The national political stage is one area where Giuliani's been decidedly unsuccessful.
He entered the 2008 presidential race with great fanfare, leading all national polls of Republican voters despite his moderate positions on social issues like abortion and gay rights. He stressed his credentials on security and terrorism in the campaign — so fervently that then-Delaware Sen. Joe Biden, competing for the Democratic nomination, mocked him in a nationally televised debate.
"Rudy Giuliani, there's only 3 things he mentions in a sentence. A noun, a verb, and 9/11," Biden said, to laughter and applause.
Giuliani's campaign also made serious strategic errors, eschewing early state contests like Iowa and New Hampshire in favor of Florida, whose primary came weeks later. He went down to an embarrassing defeat, dropping from the race after spending nearly $59 million to win just one delegate.

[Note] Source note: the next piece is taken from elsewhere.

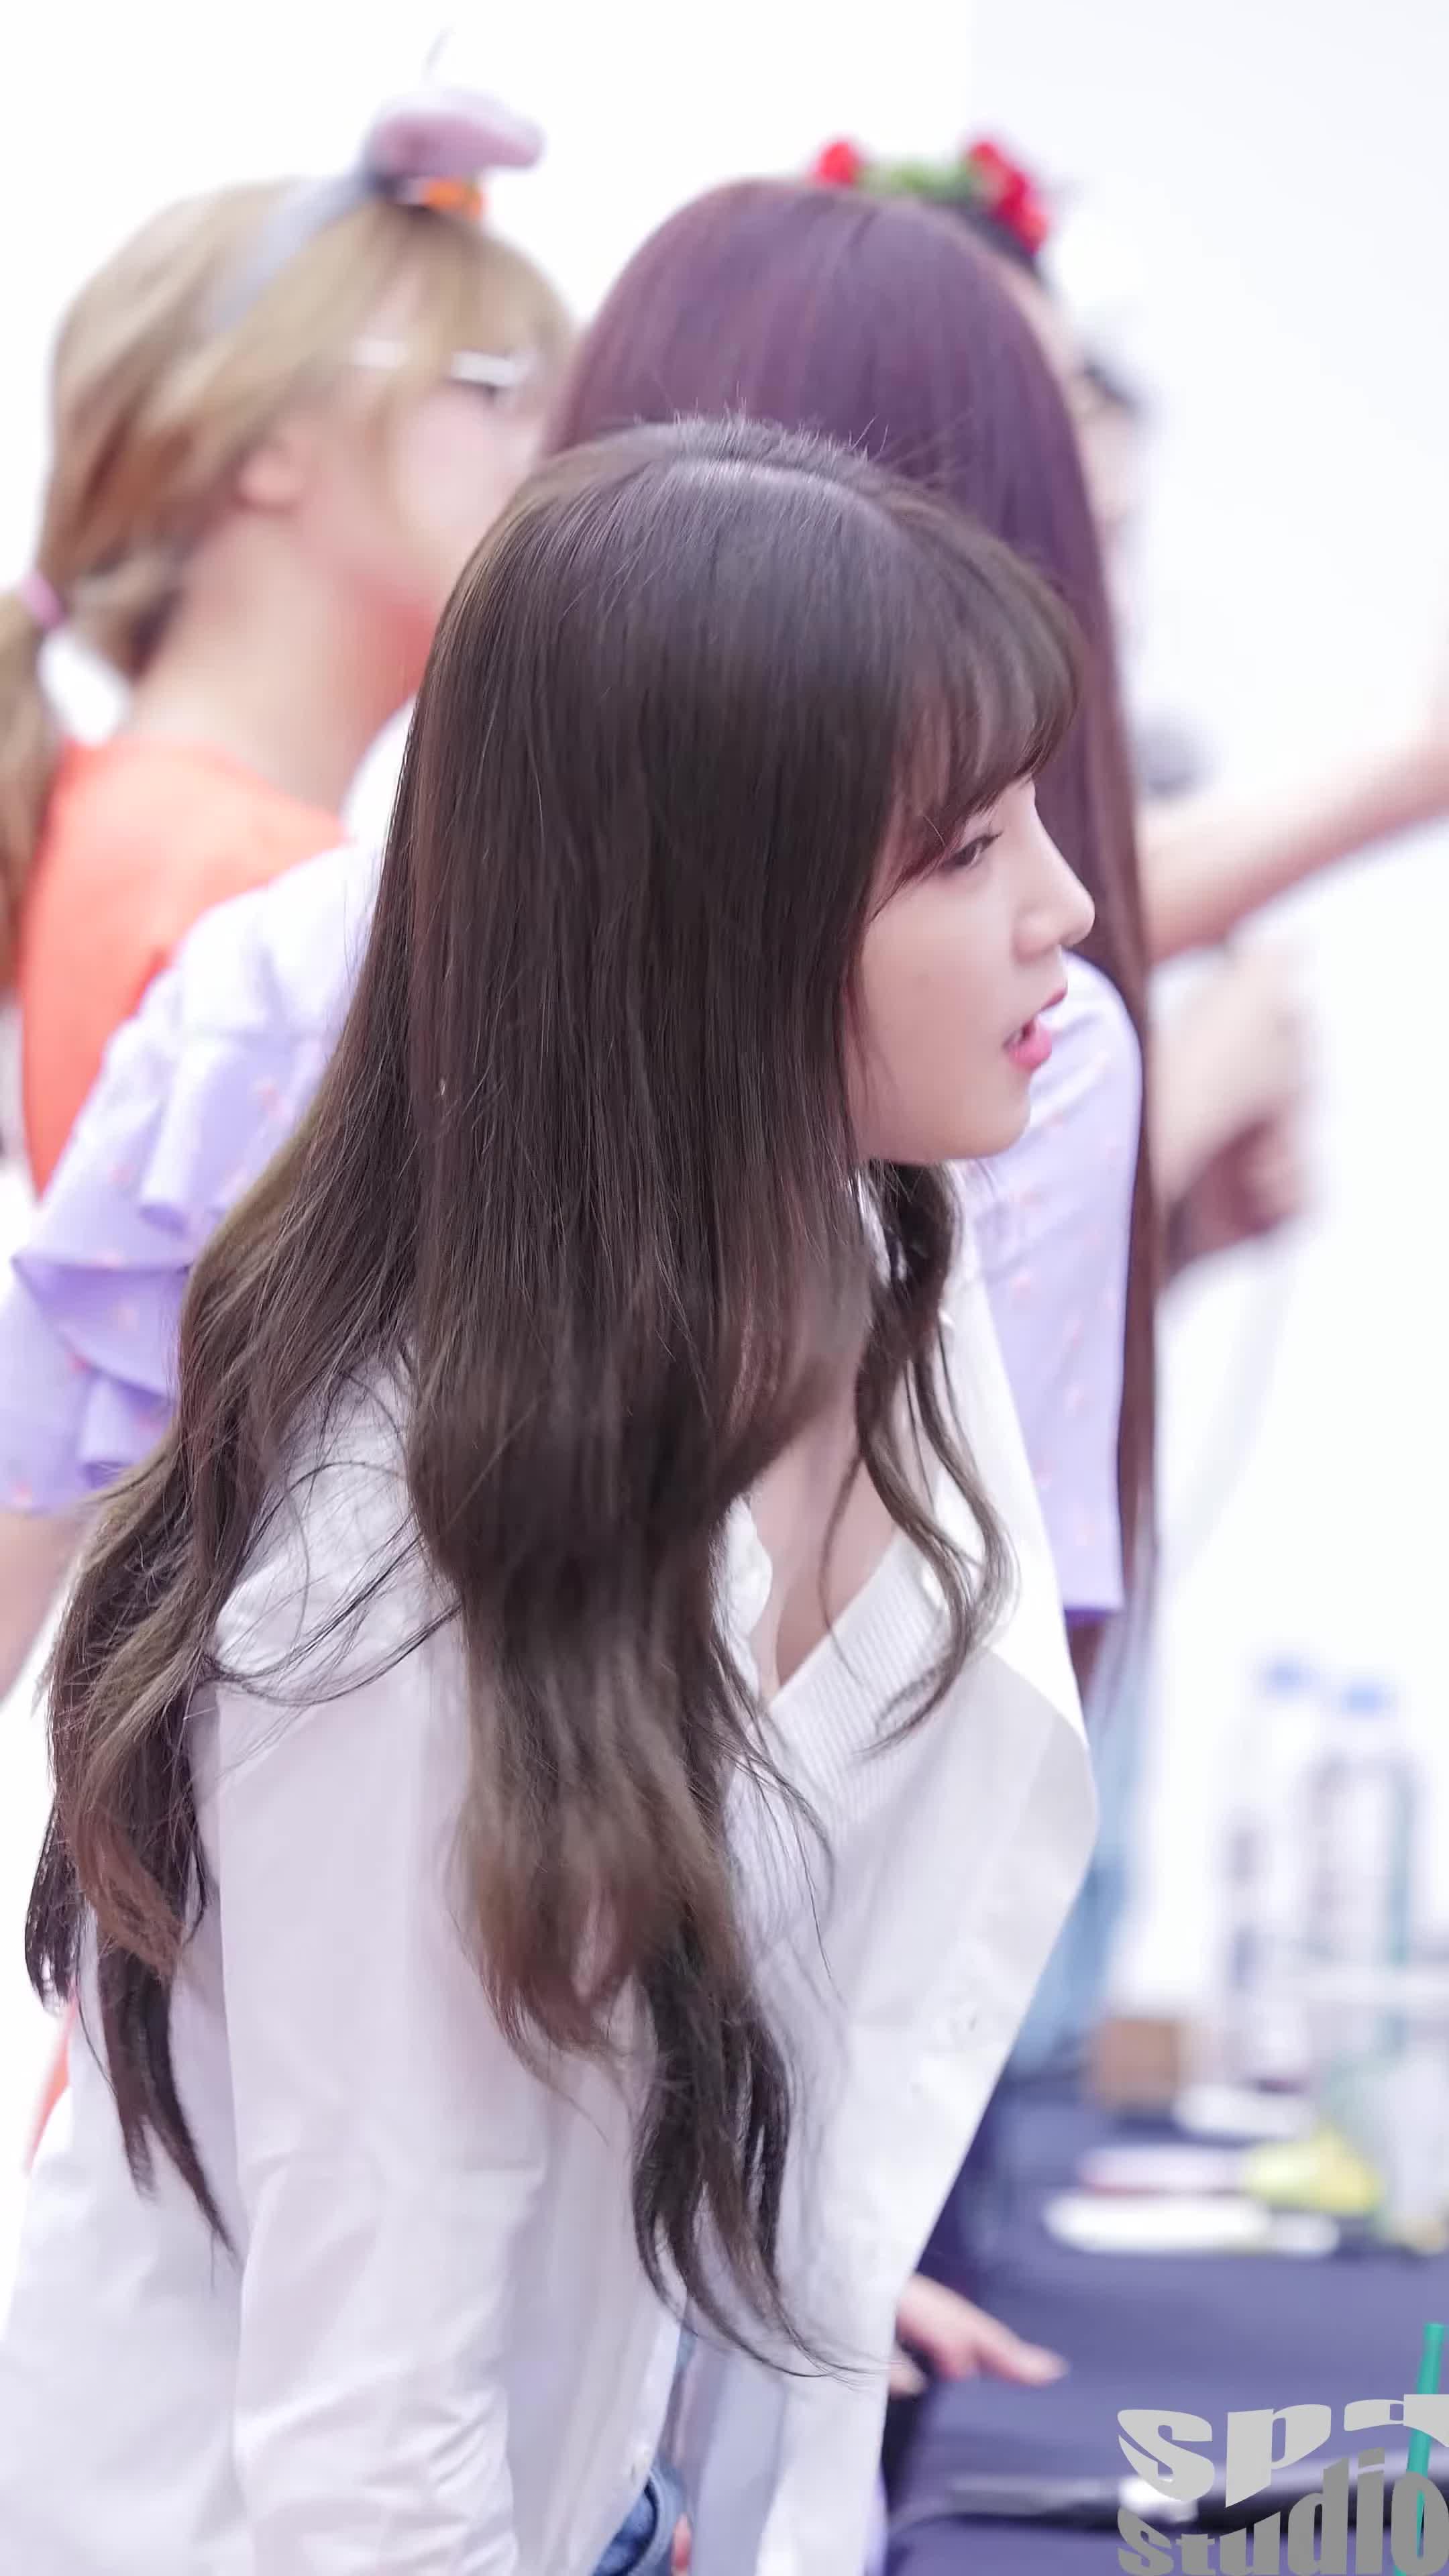 에이핑크, 초롱, Apink Chorong's Cleavage Slightly Shortened GIFs

Today, he says he's learned from the experience.
"There is a reality to the primary process and you don't win primaries by being ahead in national polls. You win them by winning Iowa, by winning New Hampshire, by winning South Carolina, winning Florida," Giuliani said. "There were a hundred other mistakes but maybe the hundred others we could have overcome."
Giuliani says he's seriously eyeing another run for the nomination despite the spectacular failure last time. He's critical of President Barack Obama, saying the Democrat has made a faltering economy even worse.
Giuliani would focus mainly on winning New Hampshire, a state whose Republicans are more moderate than those in Iowa and where independents can vote in the primary. The issue environment has vastly changed since 2008, and Giuliani insists he's got the credentials voters are seeking.
"I wouldn't de-emphasize (national security) but right now you have to talk about what people are concerned about, and what they're concerned about is the economy," Giuliani said. "I do have the economic credentials. I ran one of the most complicated economies in the United States and one that was in terrible trouble. And I turned it around."
Giuliani said he wouldn't make a final decision until well after the 10th anniversary of the 9/11 attacks, probably the end of September. Several other top contenders, including Texas Gov. Rick Perry and former Massachusetts Gov. Mitt Romney are already campaigning for the nomination.
"I'm going to sit down and talk it over with Judith, wake up one morning and have a decision," Giuliani said. "Part if it will be how the other candidates perform and whether I have confidence one of them can beat President Obama. I'm not sure of it yet."
Sept. 11, 2001, was primary day in New York City, and voters were heading to the polls to choose candidates to succeed Giuliani.
The primary was postponed because of the attacks. And in November, another Republican, billionaire media executive Mike Bloomberg, narrowly won a close race against Democrat Mark Green in part because Bloomberg received Giuliani's endorsement.
With Bloomberg stepping down in 2013 after three terms, would Giuliani ever consider running to reclaim the post that made him famous? He laughs and says no.
"I don't go back, I go forward," Giuliani said. "You also have to realize, been there, done that."
He added, "Going back and doing something over never works. All my ideas, all my thoughts, all my experiences are set in a certain time period. New York City probably needs something different now."